Des métiers racontés par leurs ouvriers.
Le sellier-bourrelier d'Aurillac.
De la bourrelerie à la garniture.
De la même façon que les cochers de fiacre sont devenus chauffeurs de taxi, les maréchaux-ferrants mécaniciens agricoles, les bourreliers ont fait de la garniture automobile. Du moins ceux qui ont pu ou su s'adapter à temps. Partout où le cheval-vapeur a détrôné son ancêtre à crottin, il y a eu des reconversions douloureuses et des disparitions dramatiques.
- Nous avons déjà dit, en début de ce chapitre, comment deux des frères Fouilloux, Raymond et Henri avaient pu alors qu'ils étaient jeunes apprendre la garniture à Toulouse dans les années 1930. Tout en continuant à satisfaire une clientèle paysanne dont les besoins s'amoindrissaient, ils ont travaillé pour une clientèle de plus en plus urbaine. Il est à noter qu'en 1979 cette dualité demeure, entre deux garnitures de sièges de Renault 16, Henri Fouilloux vous refait un siège de tracteur.
- Mais ce ne sont pas les quelques licous et sangles à vêler qu'il vend les jours de foire qui pourraient le faire vivre. Répétons-le, seule la garniture automobile, sièges, panneaux intérieurs lui permet de subsister. D'autres bourreliers ont choisi des voies différentes. Ainsi dans les années 1969-70 j'ai pu m'entretenir, avant qu'il ne disparaisse prématurément, avec le dernier sellier-bourrellier montferrandais, Monsieur Mauroy. Il faisait de la literie, matelas et sommiers par la force des choses, me disait-il.

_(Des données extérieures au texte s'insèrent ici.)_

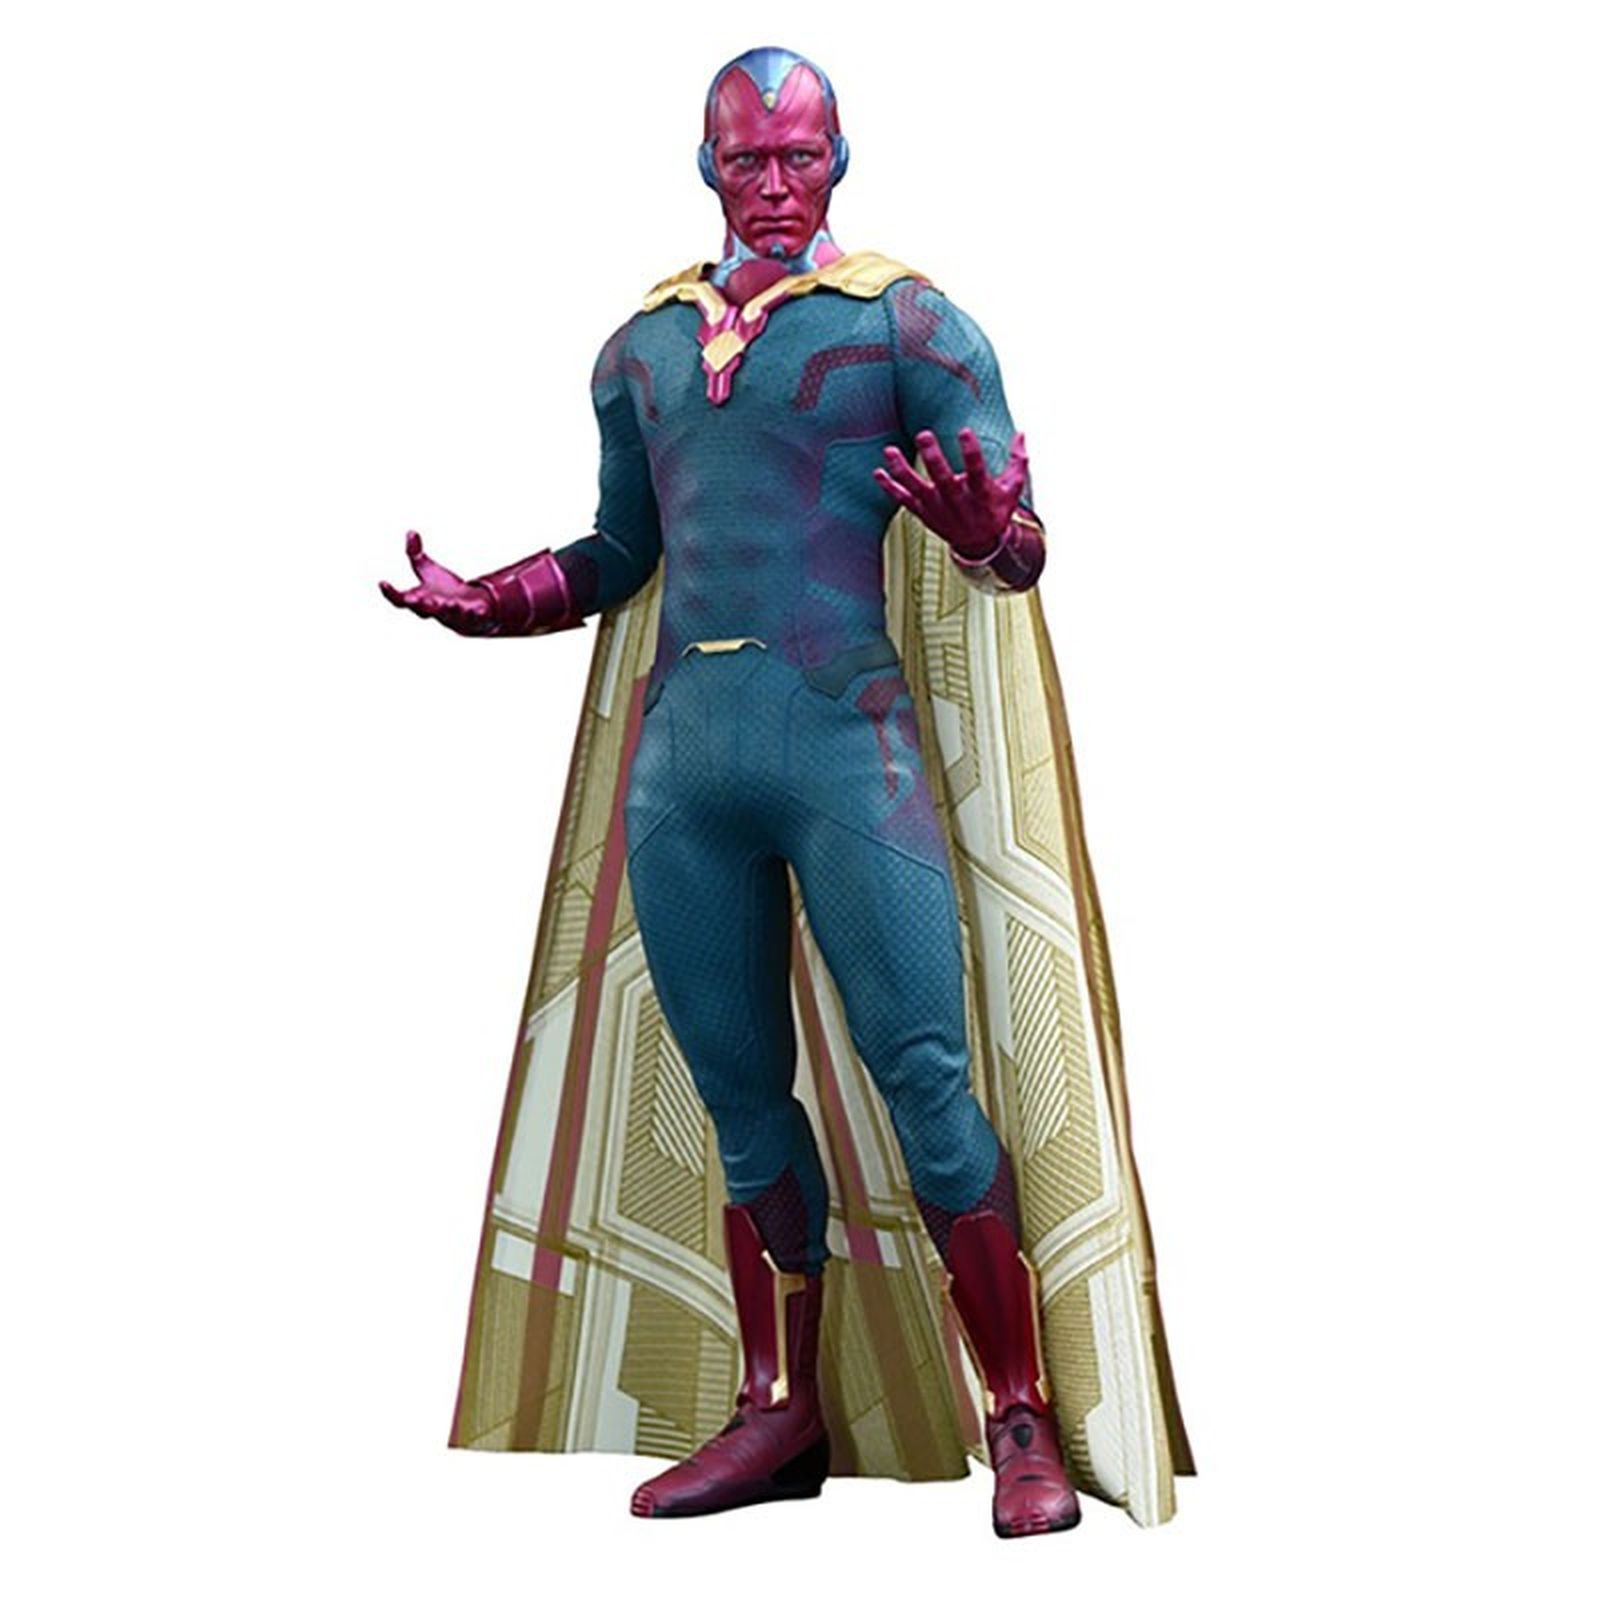 VISION FIGURA 31 CM AVENGERS AGE OF ULTRON MARVEL SIXTH SCALE HOT TOY

- Il faut bien vivre en effet. Mais il est évident qu'entre la fabrication d'un collier de cheval et la réfection d'un siège de voiture automobile, il y a tout un monde de différence. La qualification, dans le premier exemple, est infiniment supérieure à celle du second. La participation de l'artisan à la mise en oeuvre des matériaux, son engagement pourrait-on dire, dans l'objet réalisé est beaucoup plus grand dans la confection d'un harnais que dans la simple pose de ressorts à l'intérieur d'un sommier.
- Il ne s'agit nullement, dans notre esprit, d'avilir un métier pour en anoblir un autre. Il s'agit tout simplement de montrer qu'une reconversion économique peut entraîner une dégradation dans l'utilisation des compétences. Le sujet n'est pas épuisé... mais Henri Fouilloux semble serein. Passé la septantaine, on acquiert une certaine philosophie. Un grand béret sur la tête, cassé en son milieu, les lunettes à mi-nez, la veste de satinette noire, sa silhouette est immuable dans son échoppe sombre. Certes, il y a quelques notes de modernisme, les cordes en matière synthétique s'enroulent à côté des cordes en sisal. Malgré cela, tout paraît, dans cette boutique, hors du temps. L'horloge s'est arrêtée avec la mort du dernier cheval dans le bassin d'Aurillac.

1 Machine à coudre. 2 Table de travail. 3 Panoplie à outils et boîte à accessoires. 4 Placards. 5 Tabouret. 6 Chaise. 7 Suspension des objets à vendre au plafond. 8 Harnais. 9 Cordes-ficelles... en devanture. 10 Fouets, lacets de cuir, sangle à vêler. 11 Vitrine.
- Pendant plusieurs années, j'ai vu le même collier pendu aux cimaises de la boutique le dernier fabriqué par Henri Fouilloux. J'ai fui par l'acheter, « Je savais bien qu'il finirait dans un musée ! » me dit-il. Satisfaction ou tristesse ? Je ne saurais vous le dire.